Nesta edição do Falarmos a Agal e a Ciranda vamos trabalhar muito na difusão para fazer chegar o aprendizado da variante brasileira a mais pessoas.

Percebes alguma deficiência genérica ou estrutural entre o estudantado sobre a que cumpra refletir? E alguma virtude?

Se calhar, a ligação à rede de cada utente não é sempre a melhor, mas sempre conseguimos solucionar as dificuldades técnicas. Ninguém fica fora do curso por isso.

Virtudes há imensas, as pessoas têm muito interesse, perguntam coisas, esclarecem dúvidas. Essas são as bases para uma boa aprendizagem.

O fato de os cursos serem online pensas que é uma vantagem ou um inconveniente?

Tem um bocado das duas coisas. A vantagem de ser online é que não há horários a interferirem com a vida e trabalho de ninguém. Os alunos e alunas escolhem quanto tempo querem dedicar a isto no dia dentro dos quarenta dias que dura o curso.

O inconveniente é que as pessoas podem sentir-se um bocado “desprotegidas” pelo facto de não verem a figura docente. Isto pode criar uma sensação de frialdade, parece que se não vemos as pessoas, as pessoas não estão. Mas estamos, estamos para os estudantes sempre que o necessitarem. Tentamos compensar a distância com um acompanhamento exaustivo e com a maior comunicação possível.

Que recomendação queres fazer a quem puder ler esta entrevista e vaia iniciar o teu curso?

Que não tenham medo dos cursos online, isto é muito mais simples (e humano) do que parece. Aliás, há uma equipa docente que vai ajudar em qualquer dúvida ou problema técnico.

Pensas que a turma fica satisfeita quando o curso finalizar? Achas mesmo que aprenderam e lhes mereceu a pena?

Pronto, esta pergunta tinha que ser respondida pela turma mesmo. Pela minha parte posso dizer que as críticas que recebemos são sempre maravilhosas (sim, sou uma professora babada). O pessoal manda e-mails quando o curso acaba para dizer que gostou muito, que esperava que o curso fosse como outros que já tinha feito e que está gratamente surpreso ao ver que é algo dinâmico, interativo e divertido.

Gosto de ver como depois escrevem no Twitter ou no Facebook em português, como mudam o seu centro de referência. Gosto de pensar que nós contribuímos um bocadinho para que isso tivesse acontecido.

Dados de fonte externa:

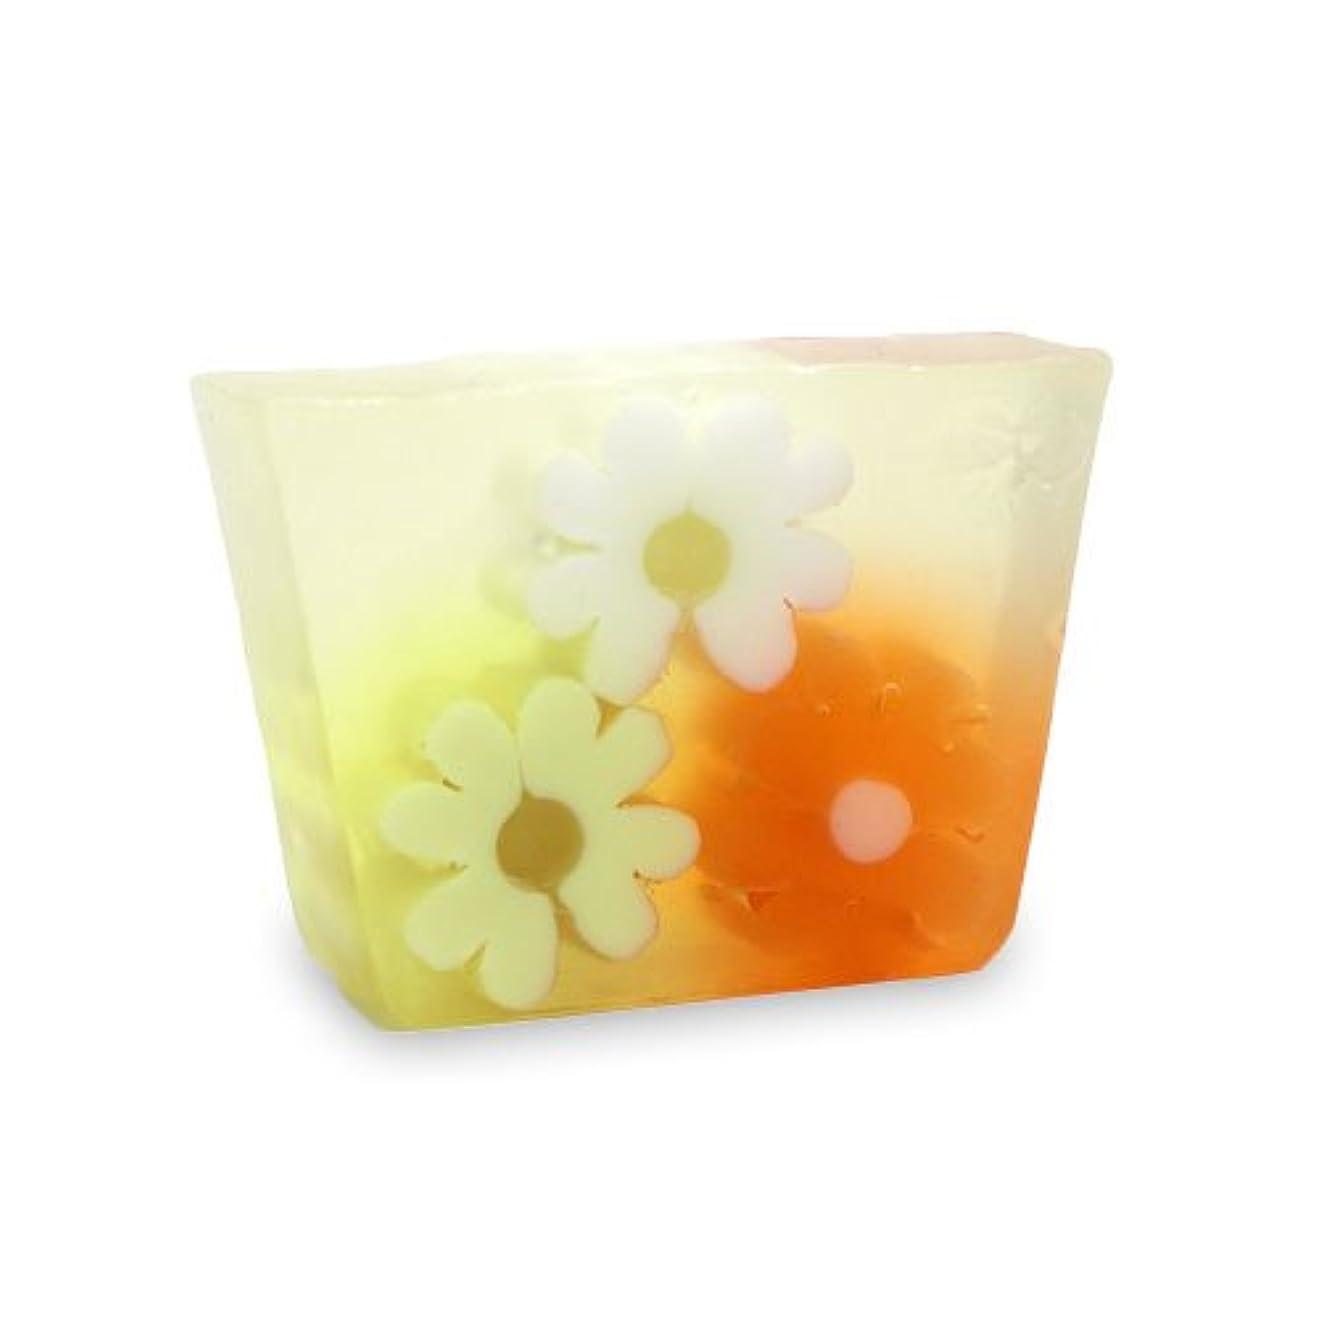 円形ペアキャッシュプライモールエレメンツ アロマティック ミニソープ オレンジフラワーショップ 80g 植物性 ナチュラル 石鹸 無添加

Algumas das pessoas enviaram o seu CV para mim, para eu fazer uma última revisão ortográfica porque querem candidatar-se a bolsas, estão na fase de seleção de uma vaga de emprego… Outras enviam um e-mail a dizer que foram aos testes de B1 e que conseguiram passá-los… Isso significa que acharam que o curso foi útil.

Há alguma questão que tu tenhas advertido e queiras comentar?

Ao acompanhar cada edição fui capaz de ver uma evolução muito positiva, que quero partilhar convosco.

Há pessoas que sabem tanto que receiam que possam misturar variantes. Dizem “e se faço um misto de coisas do Brasil, da Galiza e de Portugal?” e eu fico impressionada com esse medo. O ensino do português já chegou a esse nível: as pessoas não temem não saber, temem saber demais. É fantástico.